= Paraveterinary workers in Turkey =

Veterinary technicians and technologists in Turkey are represented by Veteriner Saglik Teknisyenleri Dernegi (Association of Veterinary Technicians in Turkey). Veterinary technicians are trained in Veterinary Health Technology High Schools (Veteriner Sağlık Meslek Lisesi) of which there are four in the country:
- Istanbul Veterinary Health Technology High School
- Samsun Veterinary Health Technology High School
- Konya Veterinary Health Technology High School
- Isparta Veterinary Health Technology High School
Each of these high schools is equipped with a complete veterinary practice.

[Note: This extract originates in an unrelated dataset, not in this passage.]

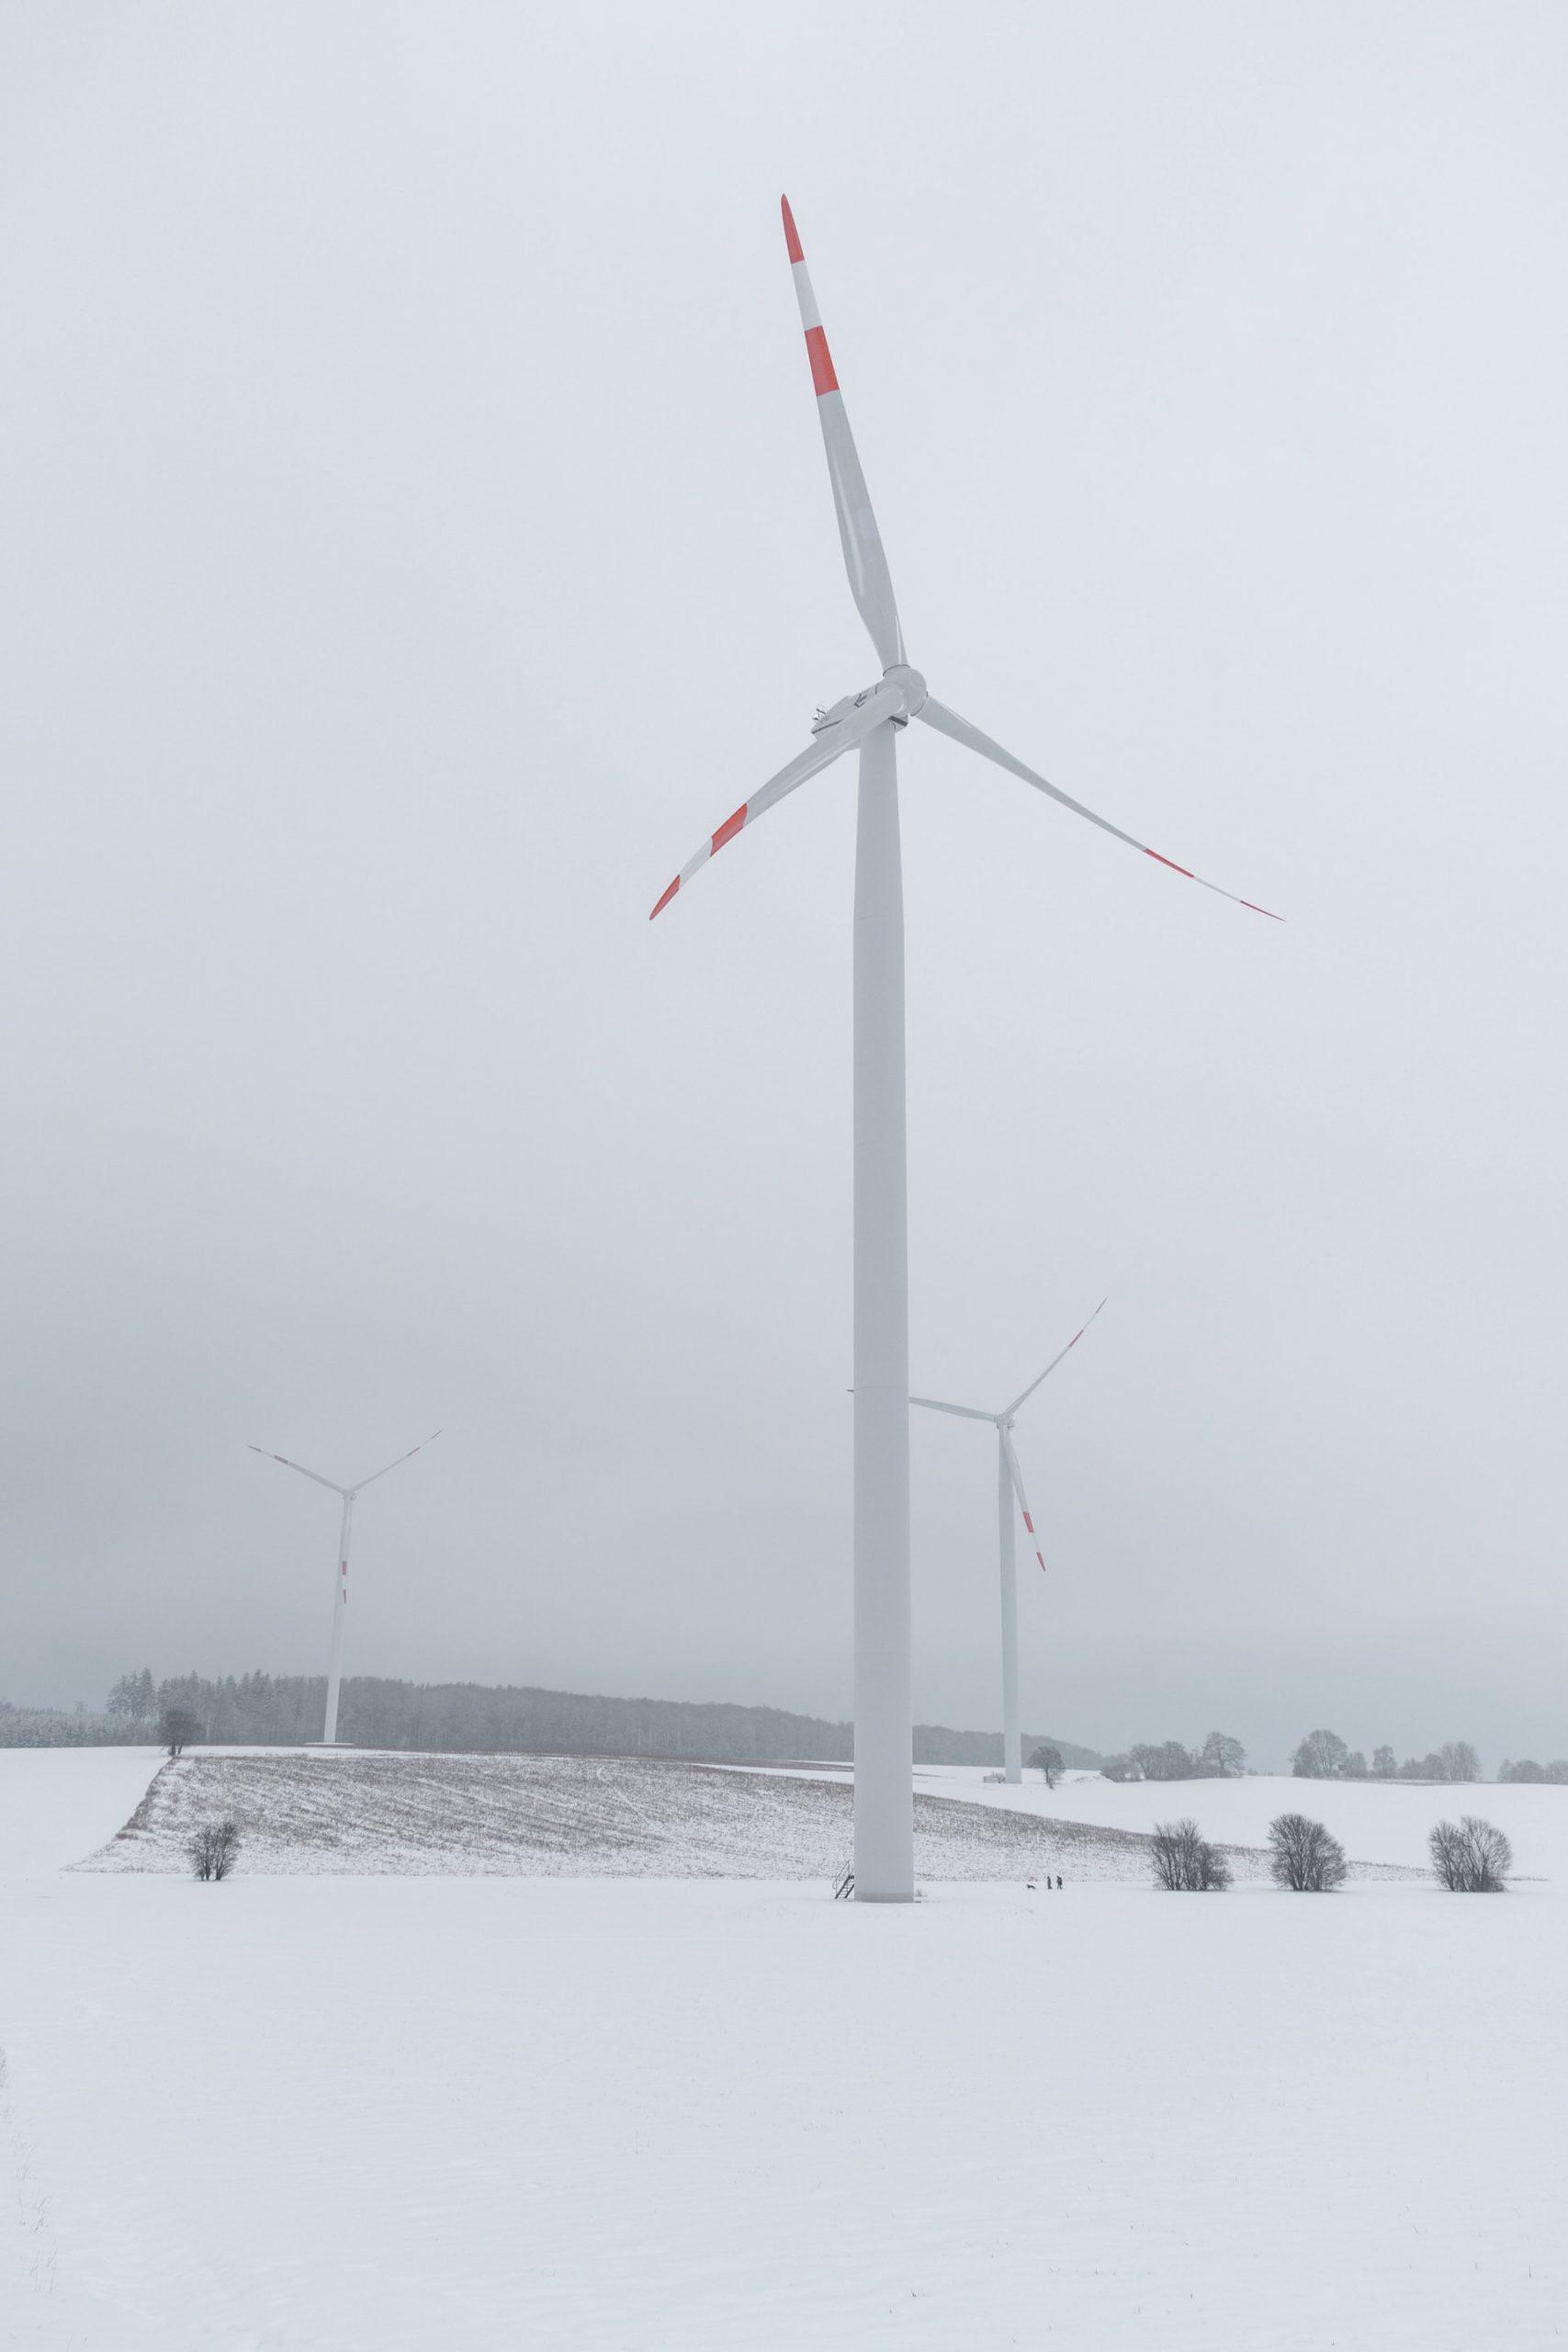 duurzame energie opgewekt in landschap met sneeuw

Veterinary technologists hold a university awarded associate degree for which graduation from a Veterinary Health Technology High School is prerequisite. Programs offering these degrees include:
- Anadolu University Laboratory and Veterinary Technology Program
- Atatürk University Animal Breeding and Health Program (which awards the title of Animal Health Technologist)
- Istanbul University Veterinary Faculty College Equine Health Technologists Program

While veterinary technicians and technologists function as support personnel for veterinarians in Turkey, some open their own limited practices where they are permitted to perform procedures such as vaccination, artificial insemination, animal health consulting, and male castration of livestock.